Beneficial owner PT Navigator Khatulistiwa, Muhammad Kerry Adrianto Riza, yang juga anak pengusaha minyak Riza Chalid, sebelum menjalani sidang di Pengadilan Tindak Pidana Korupsi pada PN Jakpus.

JawaPos.com-Beneficial owner PT Navigator Khatulistiwa, Muhammad Kerry Adrianto Riza, anak pengusaha minyak Riza Chalid, dituntut 18 tahun penjara. Tuntutan itu terkait kasus dugaan korupsi tata kelola minyak mentah dan produk kilang di Pertamina (Persero).

Jaksa Penuntut Umum (JPU) pada Kejaksaan Agung menyatakan Kerry bersama delapan terdakwa lain terbukti secara sah dan meyakinkan melakukan tindak pidana korupsi bersama-sama. Hal ini dibacakan dalam persidangan.

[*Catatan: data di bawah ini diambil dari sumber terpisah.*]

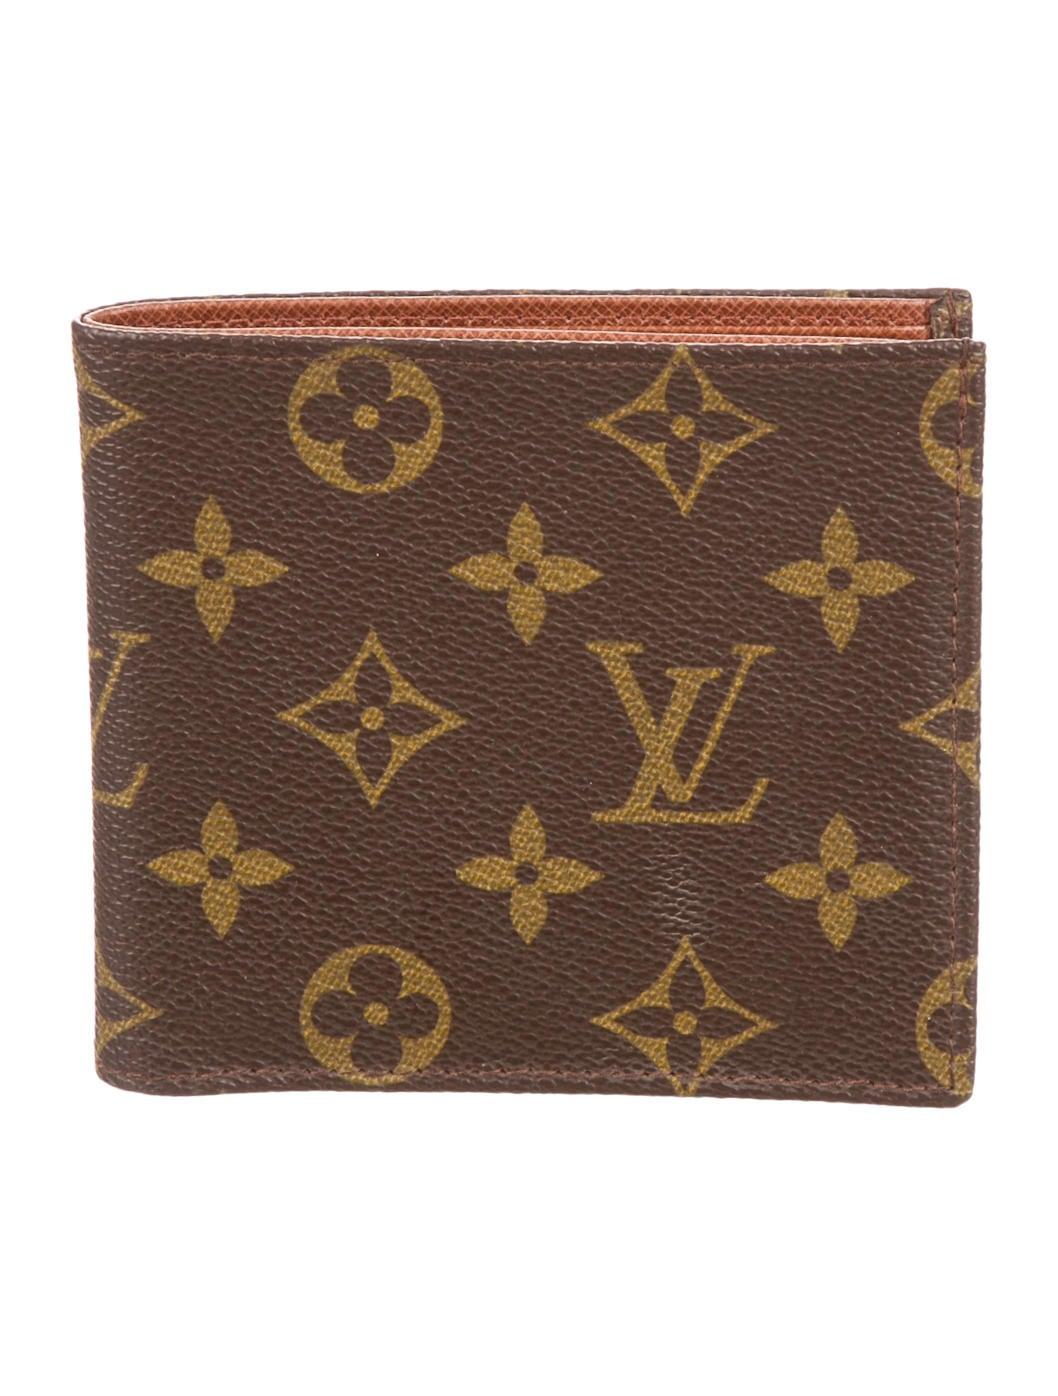 louis vuitton monogram multiple wallet accessories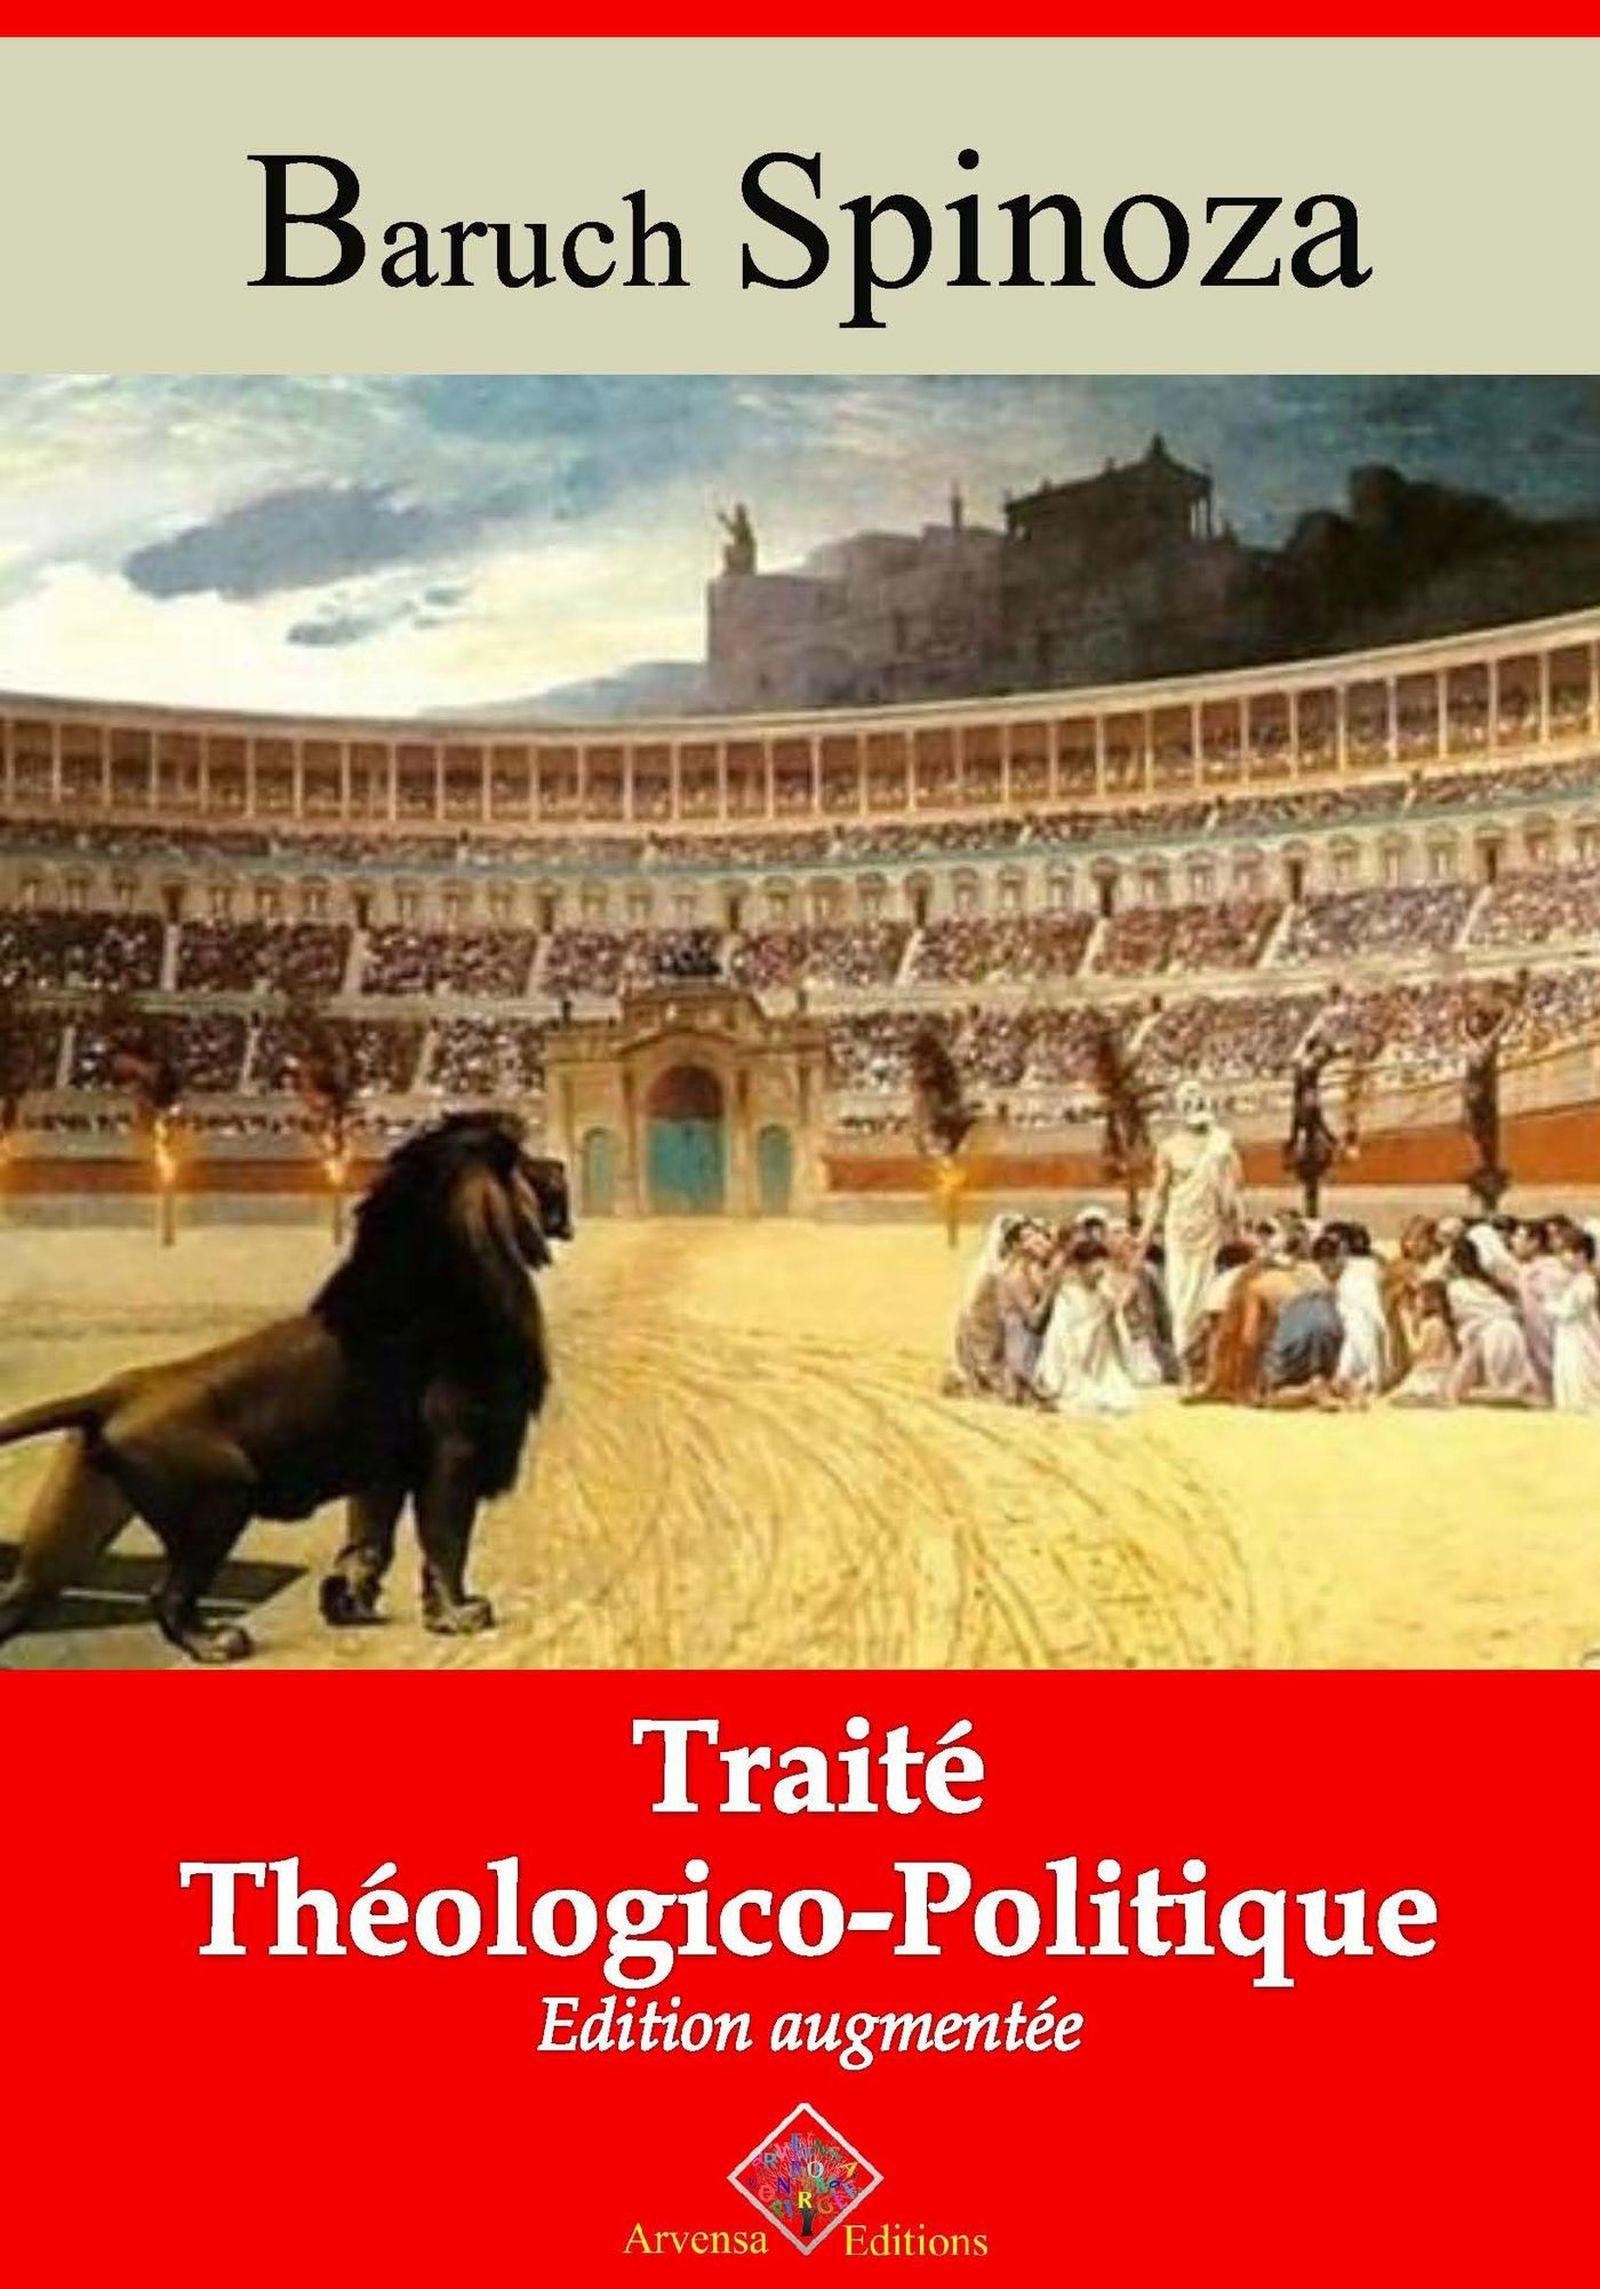 Traité théologico-politique - suivi d'annexes

“Menjatuhkan pidana terhadap terdakwa Muhammad Kerry Adrianto Riza dengan pidana penjara selama 18 tahun,” kata Jaksa saat membacakan surat tuntutan di Pengadilan Tindak Pidana Korupsi pada Pengadilan Negeri Jakarta Pusat, Jumat (13/2).

Selain pidana penjara, jaksa juga menuntut Kerry membayar denda Rp 1 miliar subsider 190 hari kurungan. Ia juga dituntut membayar uang pengganti Rp 13.405.420.003.854 atau Rp 13,4 triliun.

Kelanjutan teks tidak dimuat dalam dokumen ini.